- What you need to do -
From the line containing "SciKidz Save the Bees box" to the last line of the data below, copy everything exactly and nothing else; pictures stay out.

- Data below -

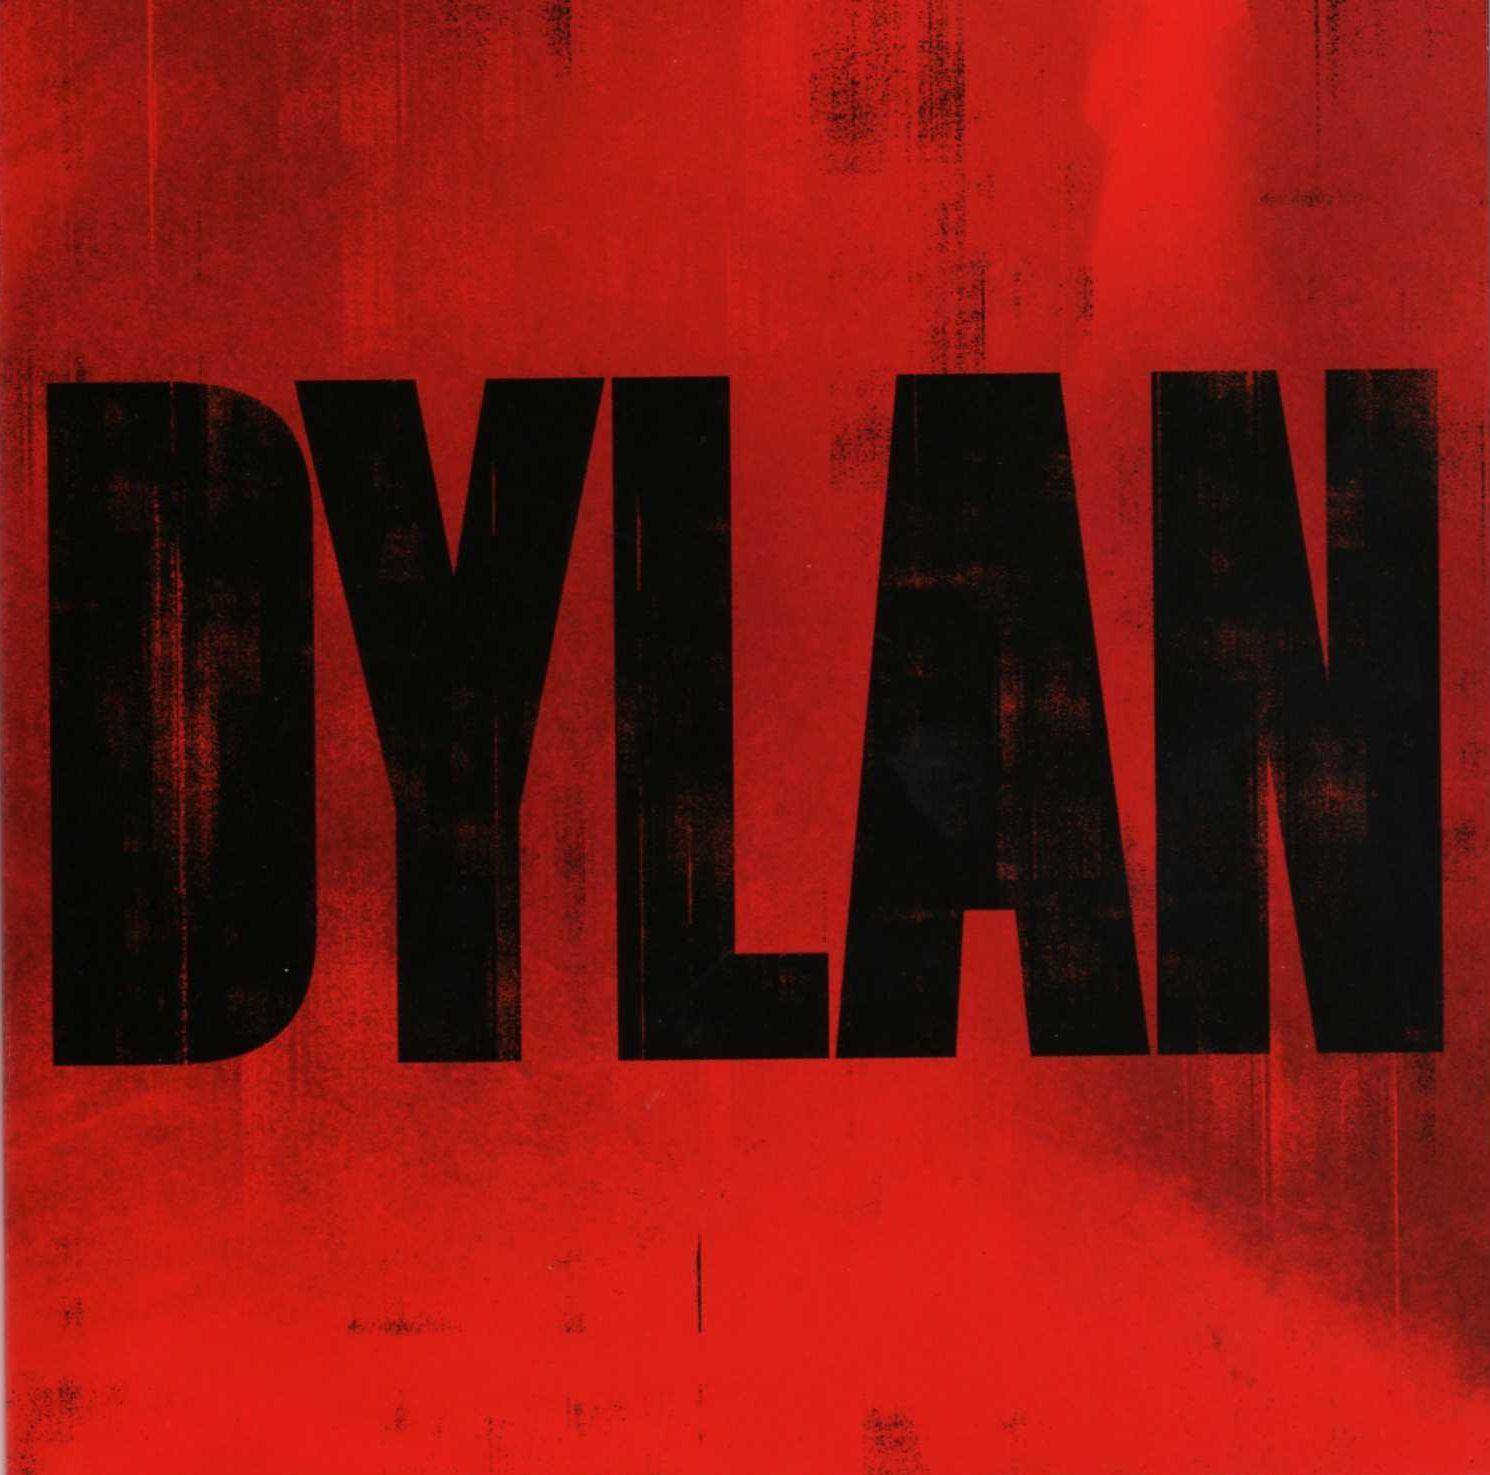 Bob Dylan - Dylan album cover
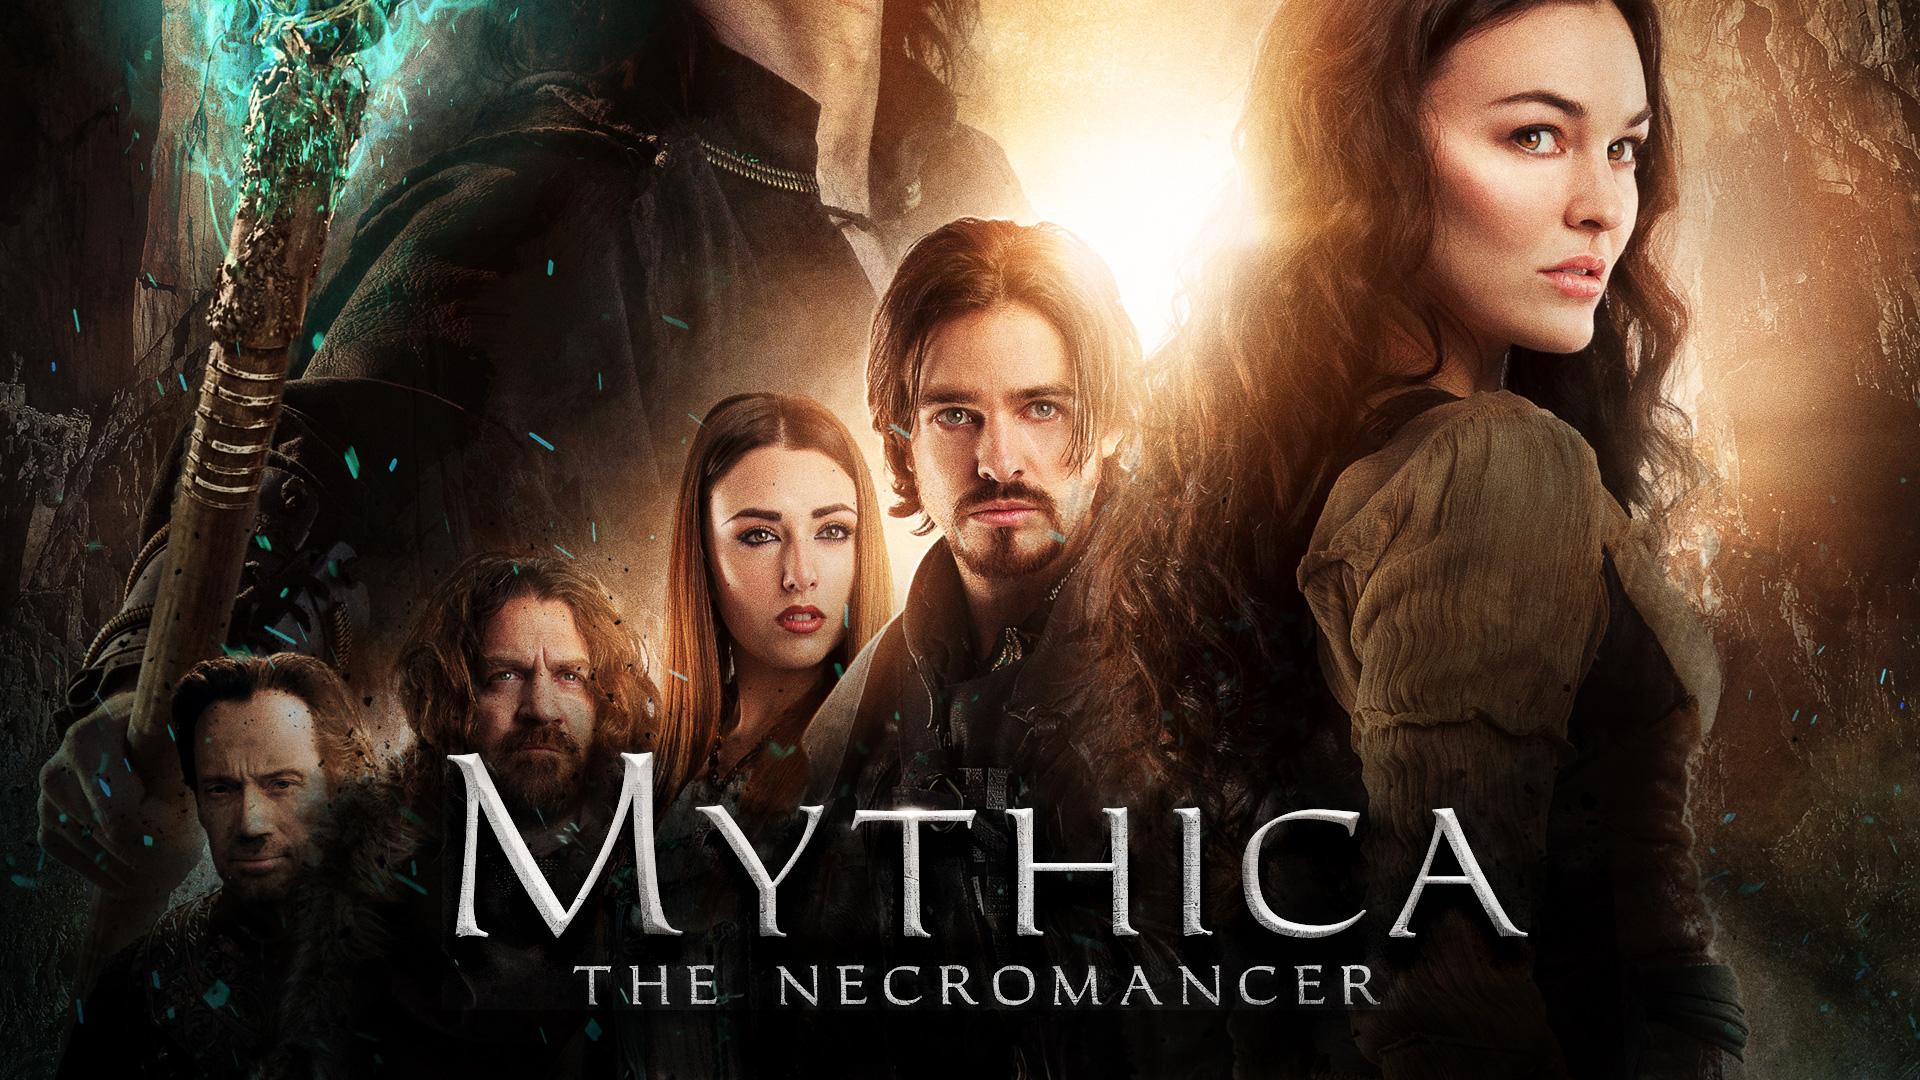 Mythica: The Necromancer on Amazon Prime Video UK
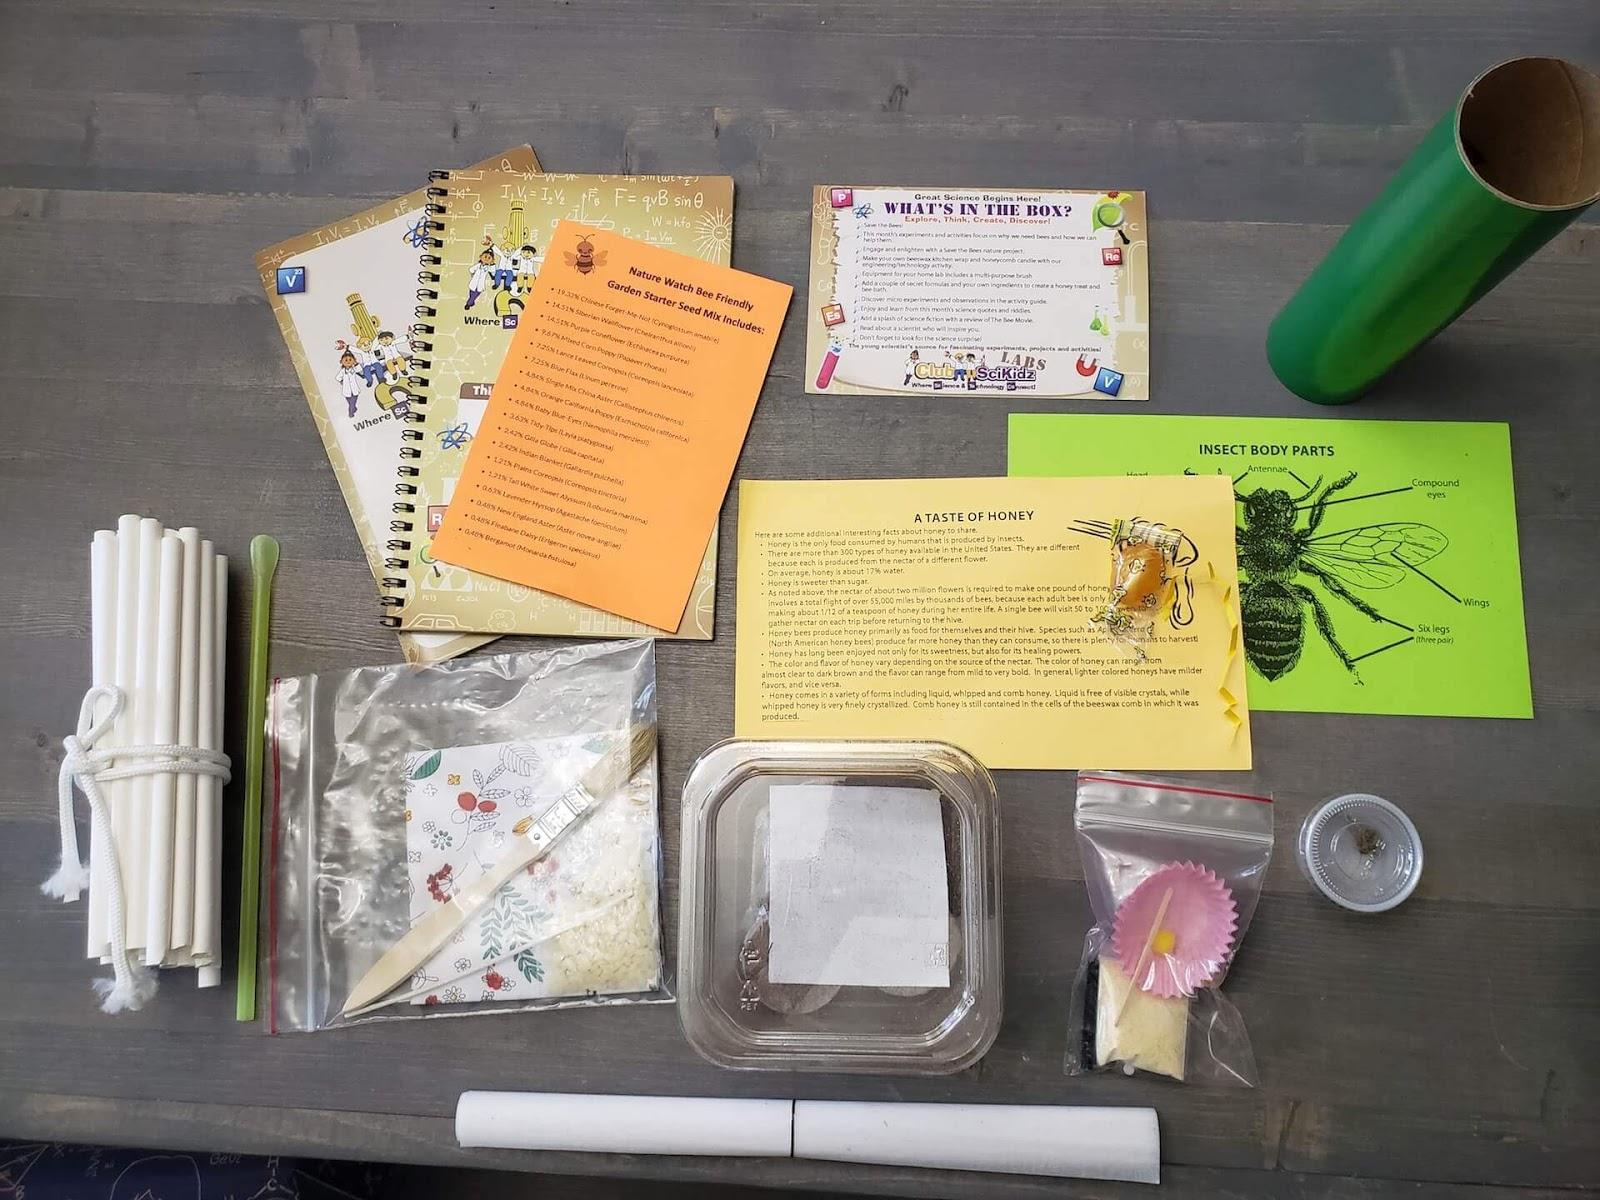 SciKidz Save the Bees box
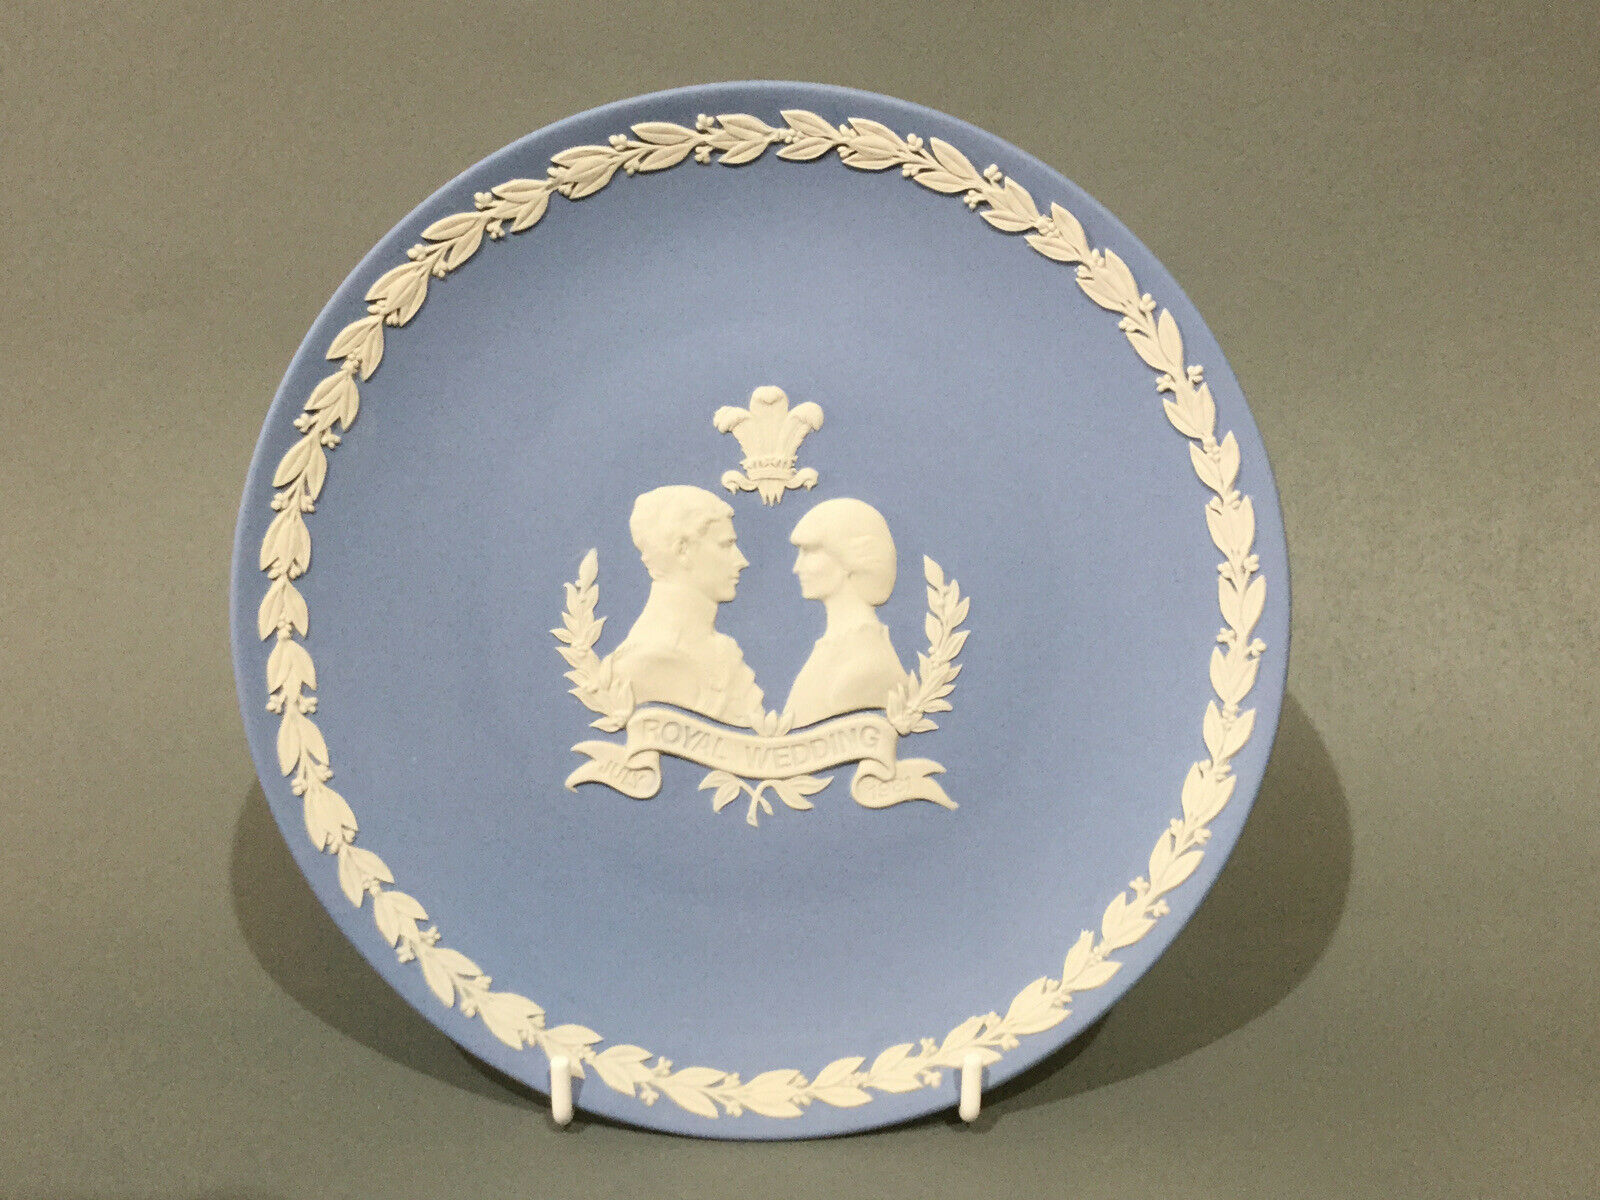 "Image 1 - Wedgwood Jasper Ware Collectors Plate "" Royal Wedding 1981 """

- Answer for this exercise -
 SciKidz Save the Bees box
 "Image 1 - Wedgwood Jasper Ware Collectors Plate "" Royal Wedding 1981 """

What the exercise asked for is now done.